For more information, check the docs. We also have a YouTube tutorial on how to use NGLess and SemiBin together (but you can learn to use NGLess independently of SemiBin).

Installing

See the install documentation for more information.

Bioconda

The recommended way to install NGLess is through bioconda:

conda install -c bioconda ngless 

Docker

Alternatively, a docker container with NGLess is available at docker hub:

docker run -v $PWD:/workdir -w /workdir -it nglesstoolkit/ngless:1.5.0 ngless --version

Adapt the mount flags (-v) as needed.

Linux

You can download a statically linked version of NGless 1.5.0

This should work across a wide range of Linux versions (please report any issues you encounter):

curl -L -O https://github.com/ngless-toolkit/ngless/releases/download/v1.5.0/NGLess-v1.5.0-Linux-static-full
chmod +x NGLess-v1.5.0-Linux-static-full
./NGLess-v1.5.0-Linux-static-full

This downloaded file bundles bwa, samtools and megahit (also statically linked).

From Source

Installing/compiling from source is also possible. Clone https://github.com/ngless-toolkit/ngless

Dependencies

The simplest way to get an environment with all the dependencies is to use conda:

conda create -n ngless
conda activate ngless
conda config --add channels conda-forge
conda install stack cairo bzip2 gmp zlib perl wget xz pkg-config make

You should have gcc installed (or another C-compiler).

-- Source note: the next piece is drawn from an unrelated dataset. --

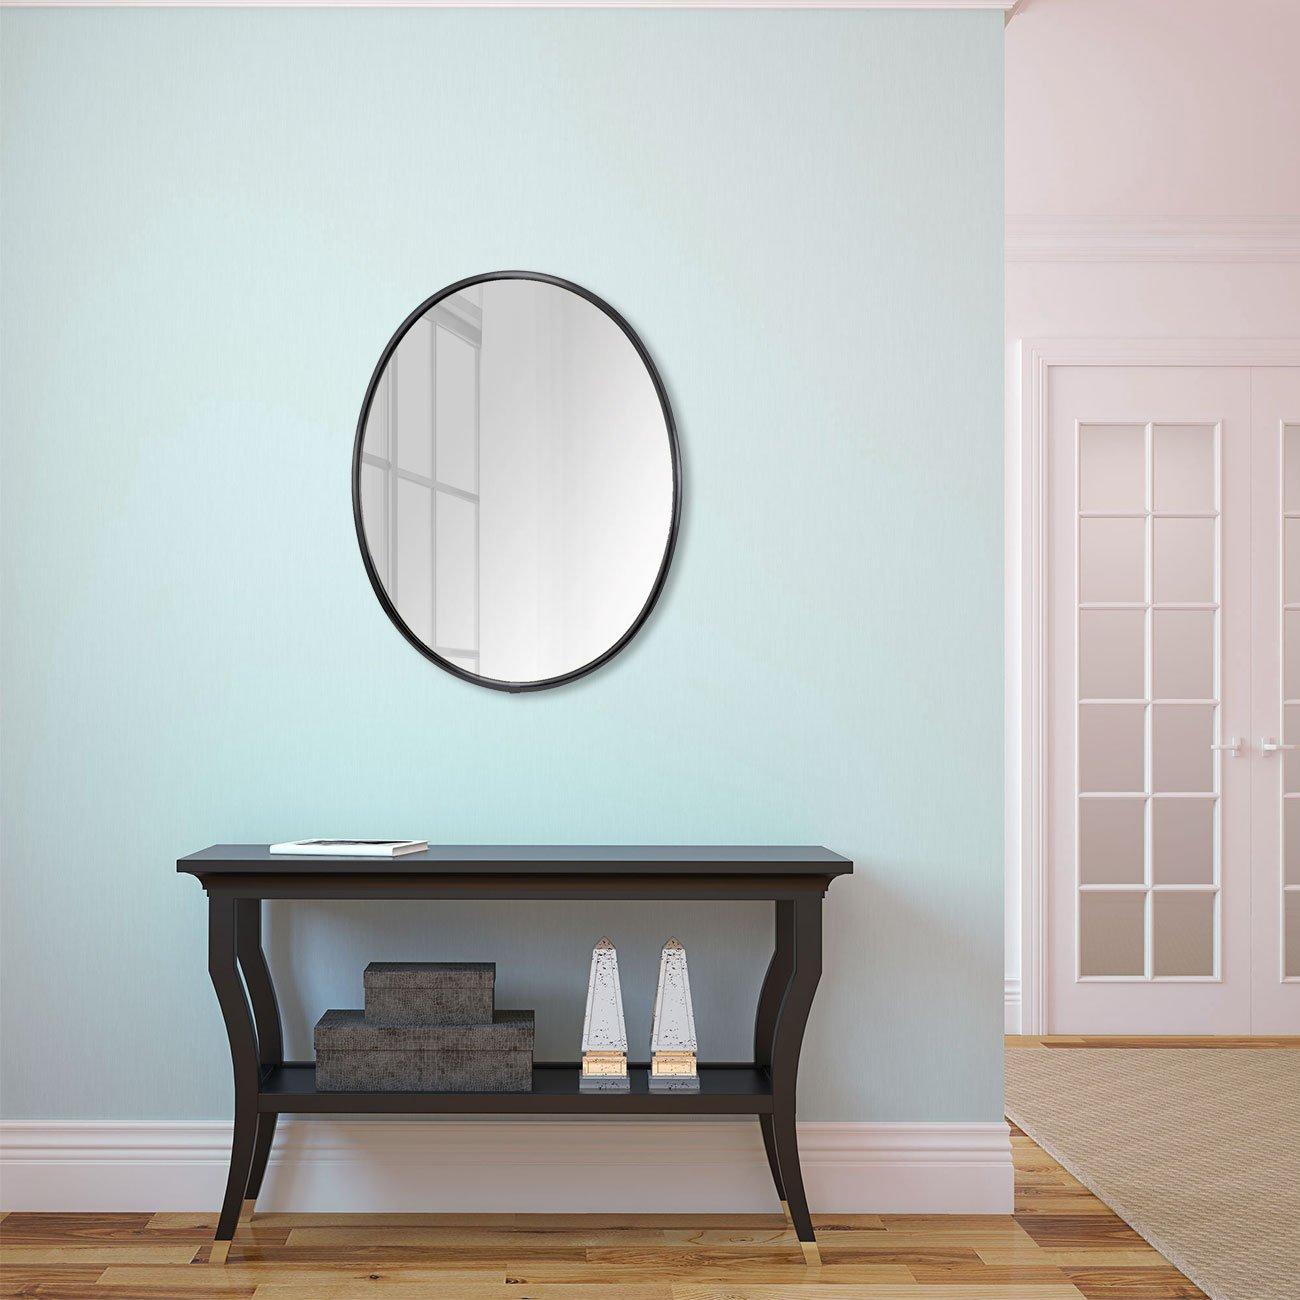 Espelho Decorativo Oval com Moldura de Alumínio Preto Brilho
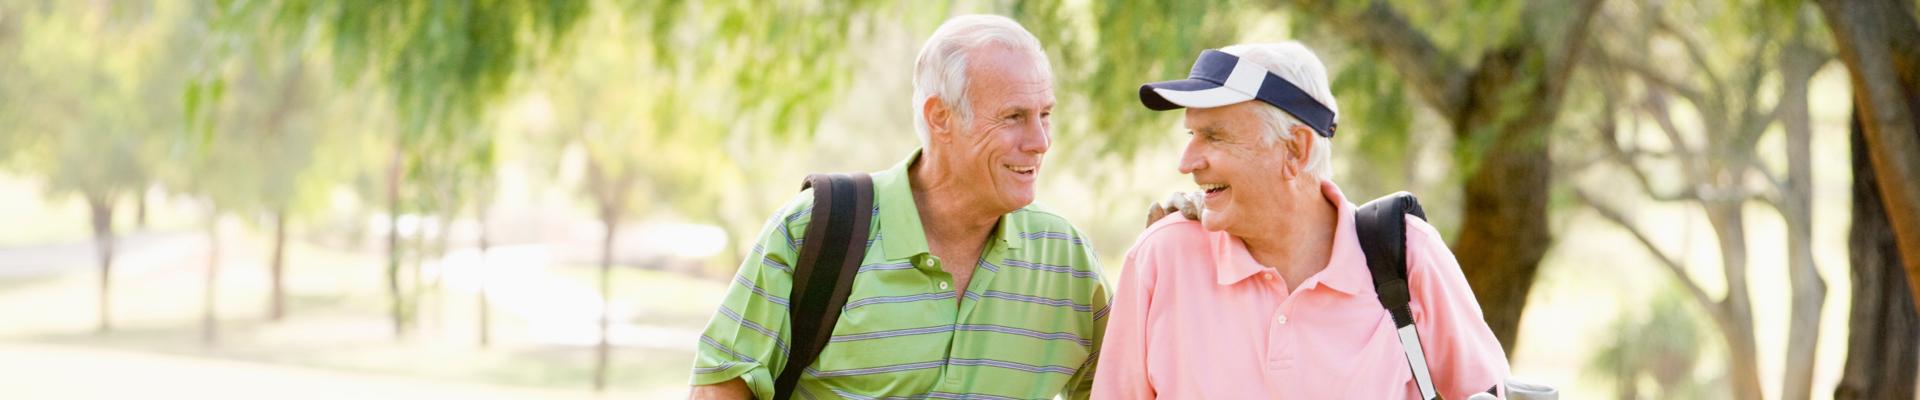 Two senior men walking and golfing

The following sequence of commands should download and build the software

git clone https://github.com/ngless-toolkit/ngless
cd ngless
stack setup
make

To install, you can use the following command (replace <PREFIX> with the directory where you wish to install, default is /usr/local):

make make

Running Sample Test Scripts on Local Machine

For developers who have successfully compiled and installed NGless, running the test scripts in the tests folder would be the next line of action to have the output of sample test cases.

cd tests

Once in the tests directory, select any of the test folders to run NGless.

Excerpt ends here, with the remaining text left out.